Requirement: Repeat exactly the line with "AUNTHUI Women's Lace-Up" and each line after it to the end of the data below; pictures stay out.

Dataset extract:
********
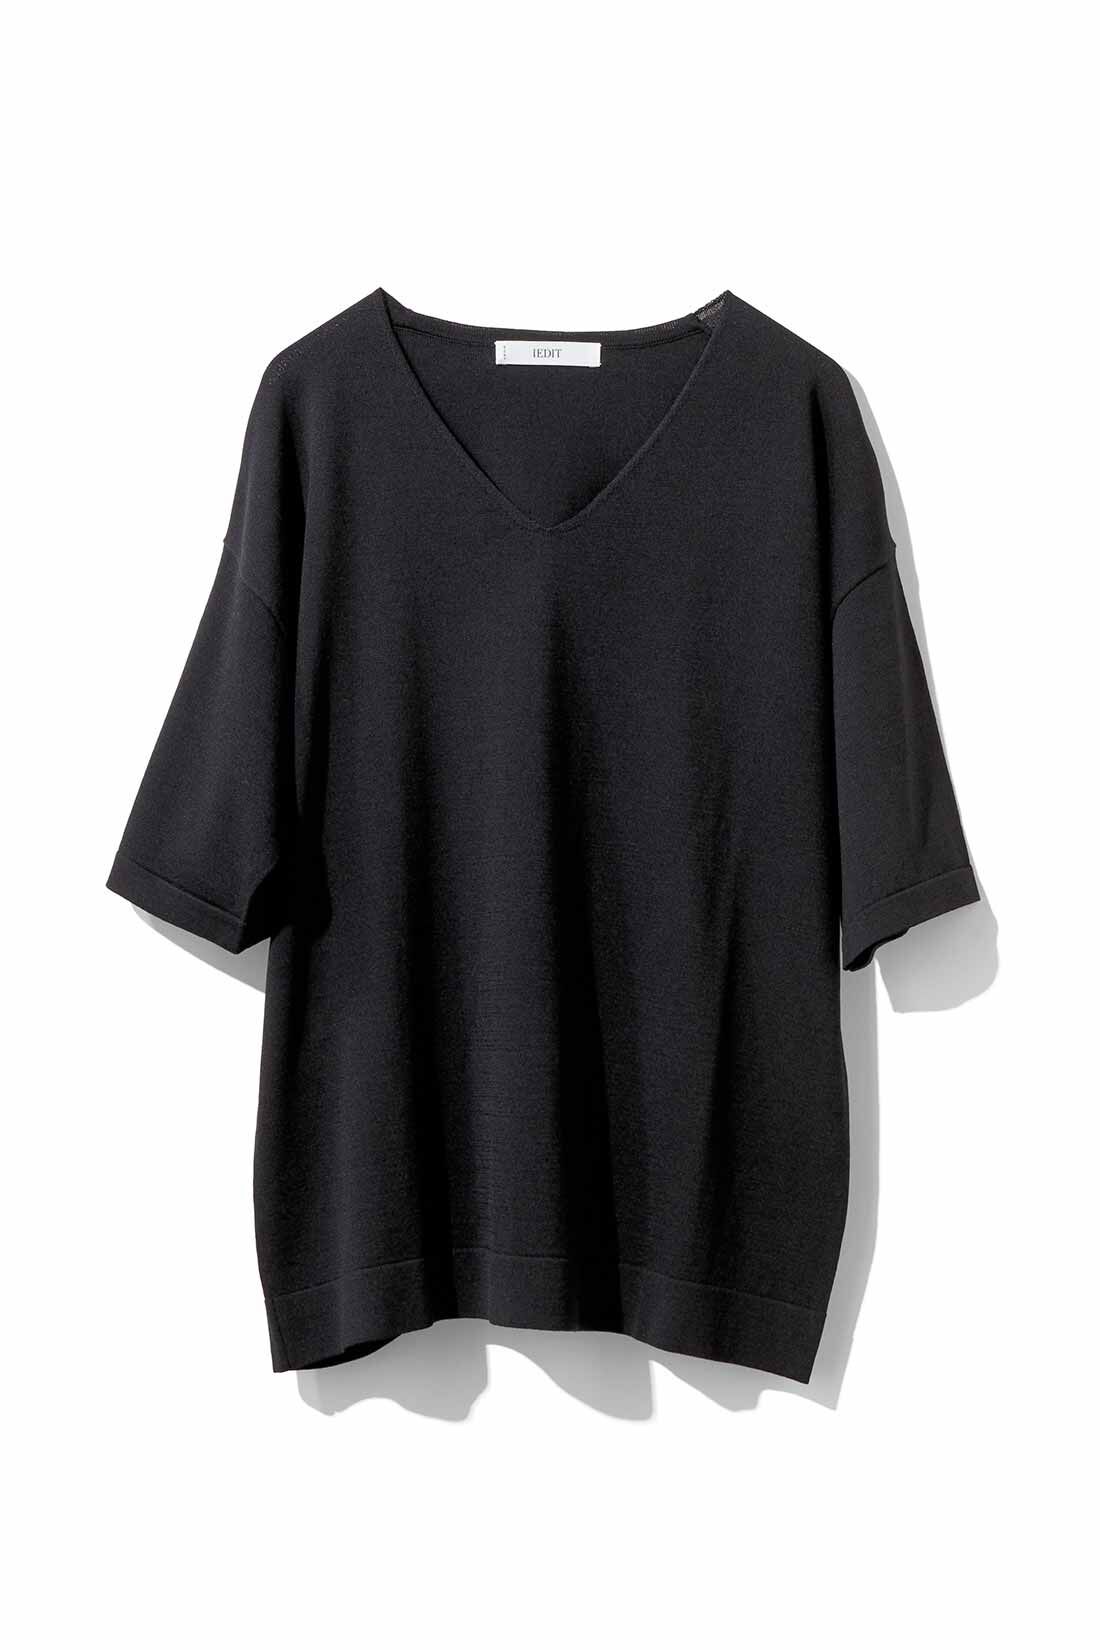 Real Stock|IEDIT[イディット]　Tシャツライクに着たい 接触冷感が心地よい シャリ感シンプルニット〈ブラック〉|ブラック
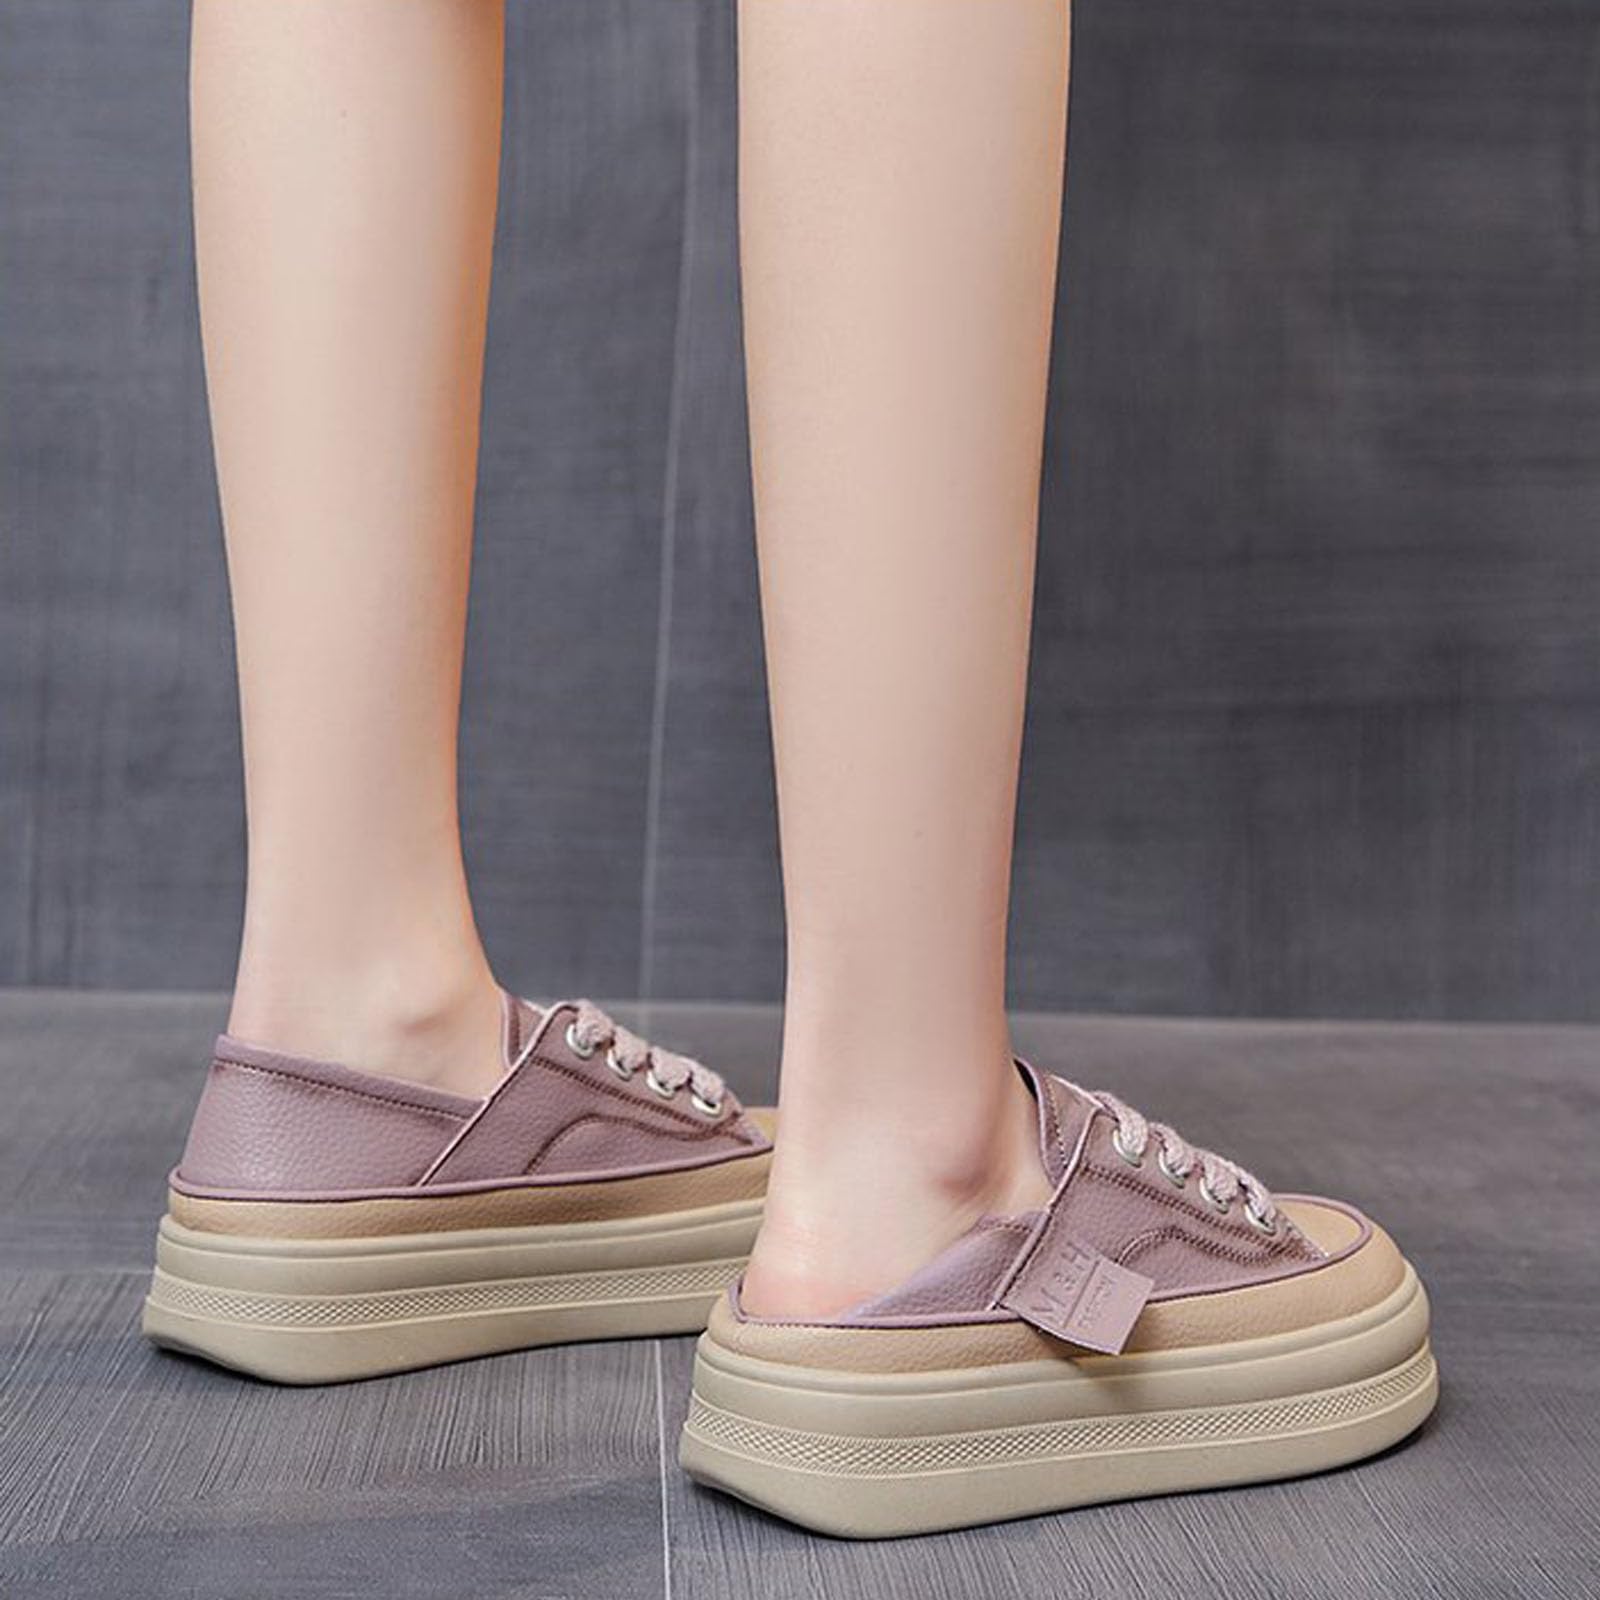 AUNTHUI Women's Lace-Up Flat Shoes Platform Sneakers,Comfortable Casual Walking Anti-Slip Fashion Low Top Tennis Sneakers (Brown,7)
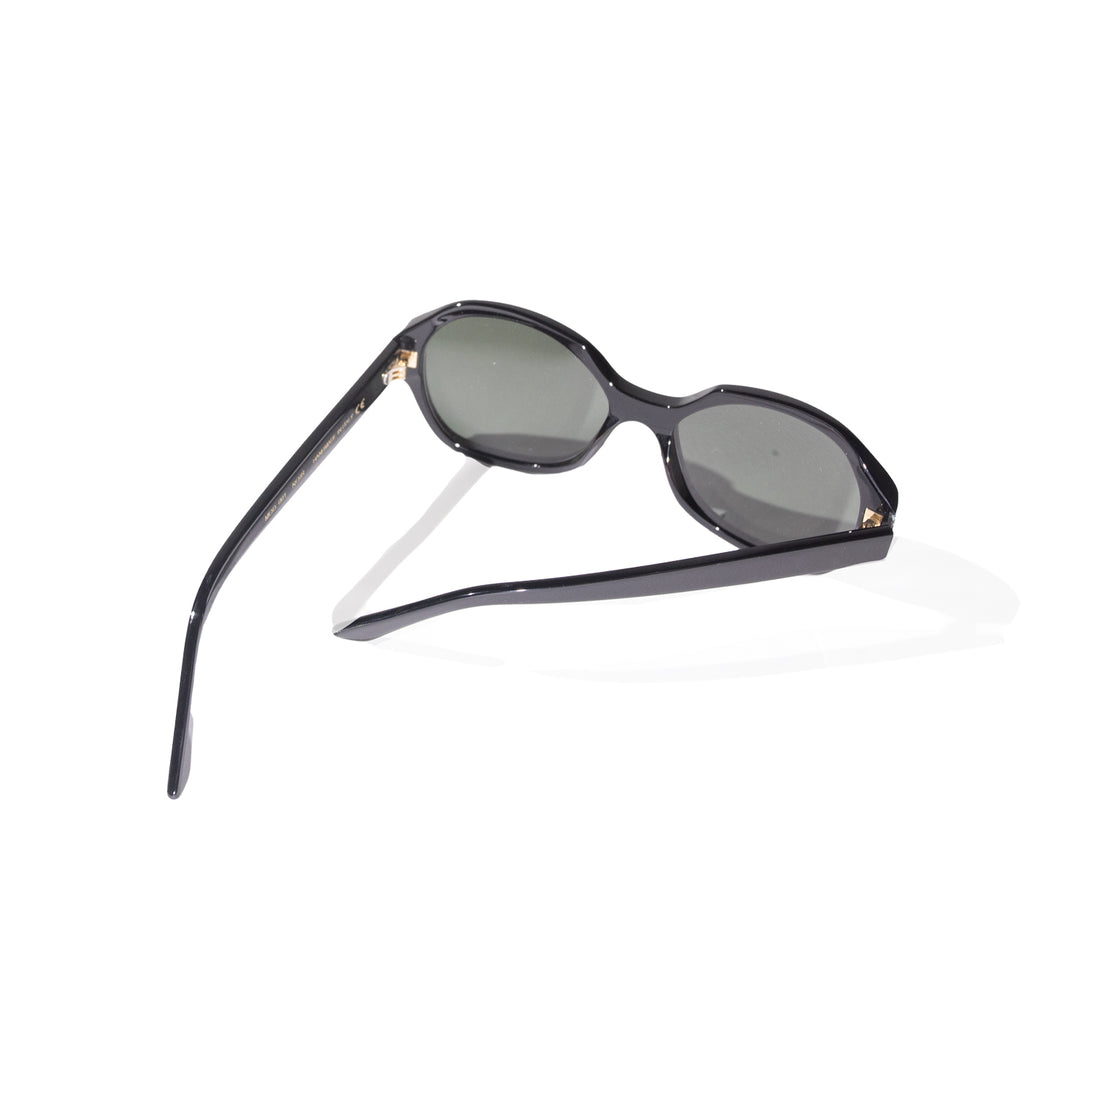 Eva Masaki 001 Sunglasses in Noir
********
Solved exercise:
 AUNTHUI Women's Lace-Up Flat Shoes Platform Sneakers,Comfortable Casual Walking Anti-Slip Fashion Low Top Tennis Sneakers (Brown,7)
 Eva Masaki 001 Sunglasses in Noir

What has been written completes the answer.